I ran into a very interesting (and fairly readable) paper that demonstrates remarkable algorithms for (1) finding the maximum of a continuous function on the real interval [0, 1] and (2) integrating a continuous function over the interval [0, 1]. What is interesting about this is that these algorithms work with exact reals, which represent real numbers as lazy bit streams (so the algorithms take a finite number of steps to compute the first k bits of the answer). Underlying these algorithms is “Berger’s search operator” which computes in finite time whether a proposition is true for all real numbers in [0, 1]. By itself, that is already remarkable!

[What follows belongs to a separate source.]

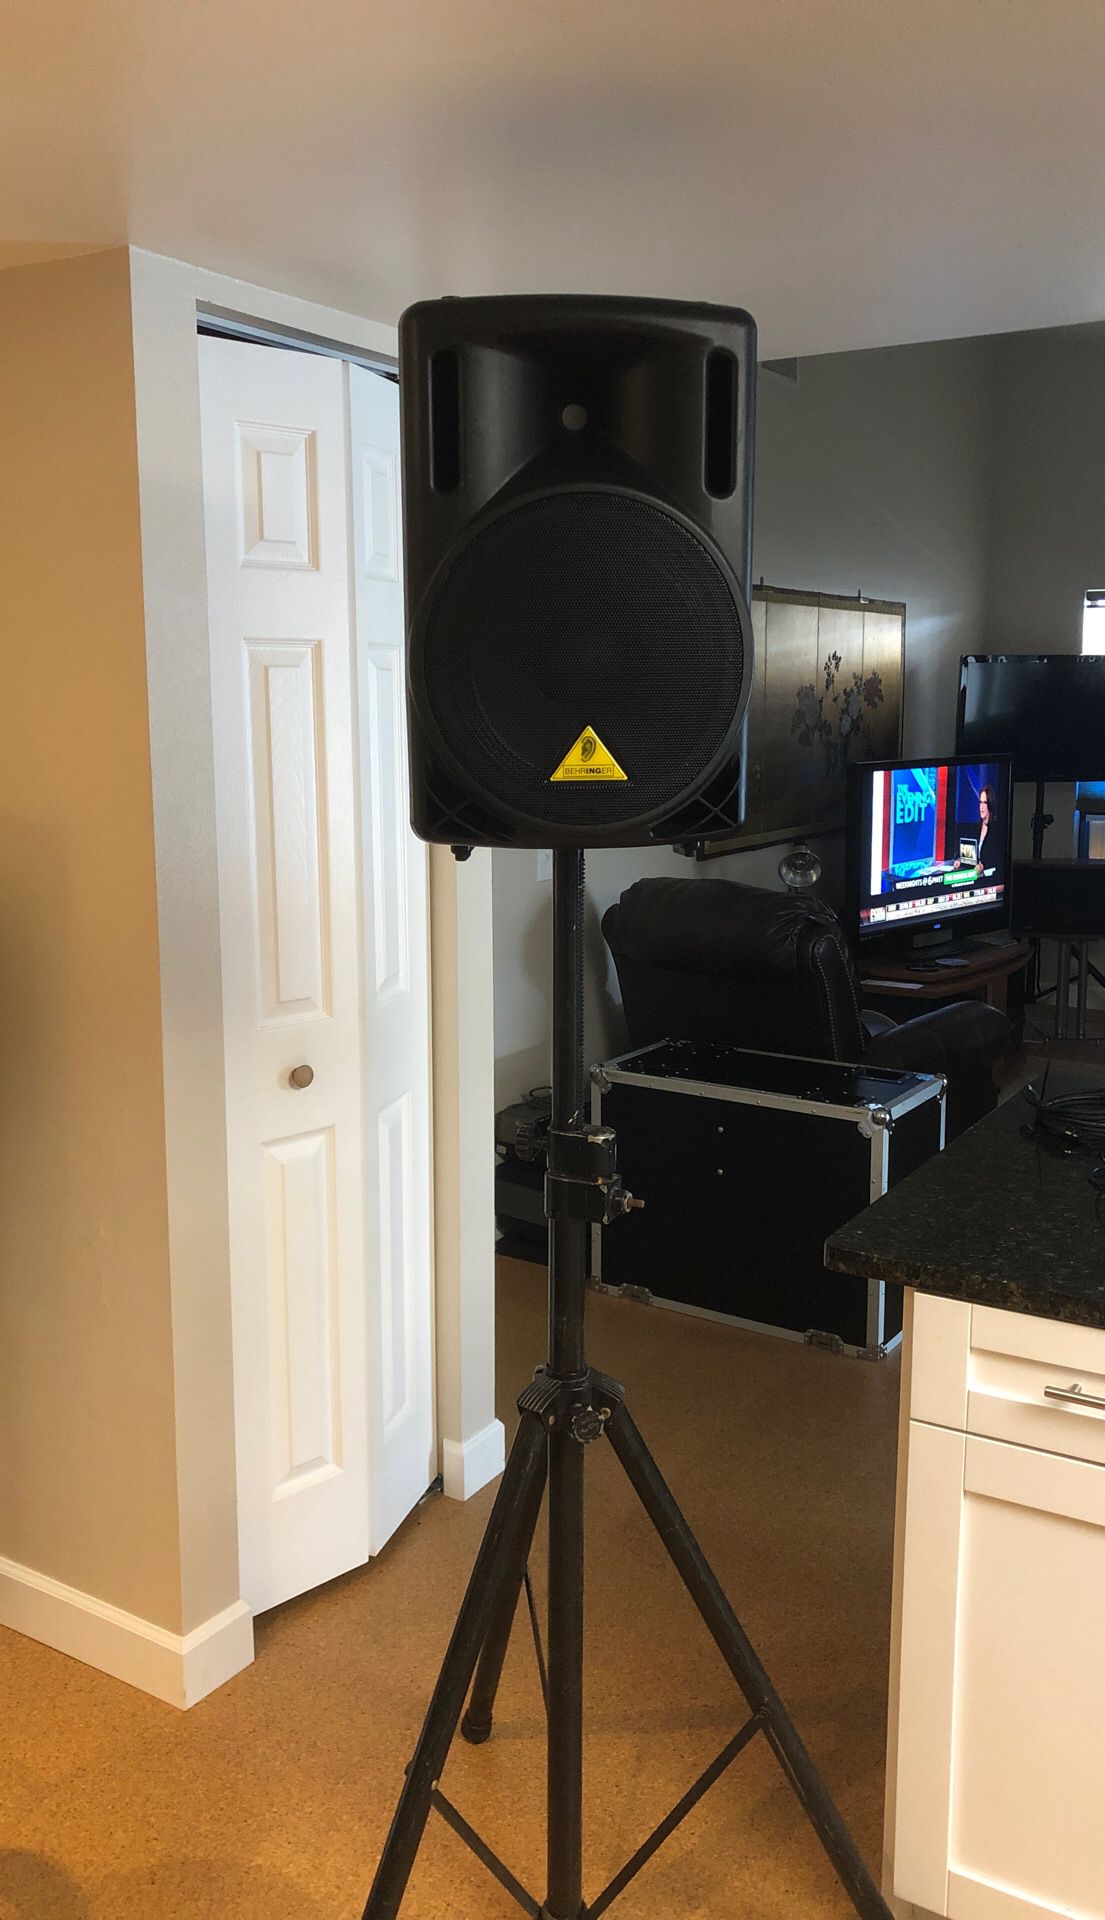 Behringer 12 inch active PA speaker $100

This function is just 5 lines of code (see Figure 1).
https://www.research.ed.ac.uk/portal/files/12417914/download_2.pdf
The author writes “The integration algorithm performs abysmally on any interesting functions. The maximum algorithm performs a little better.”. I would assume the speed problem is due to the Berger search being hopelessly slow (as it has an exponential blow-up in complexity as more bits become relevant). I have found another paper that gives substantially faster search algorithms for this problem, but unlike the previous paper, is not at all readable (at least to me). An interesting remark from the conclusion of the second paper: “this work is a genuine application of topology to computation: theorems formulated in the language of computation, proofs developed in the language of topology.”.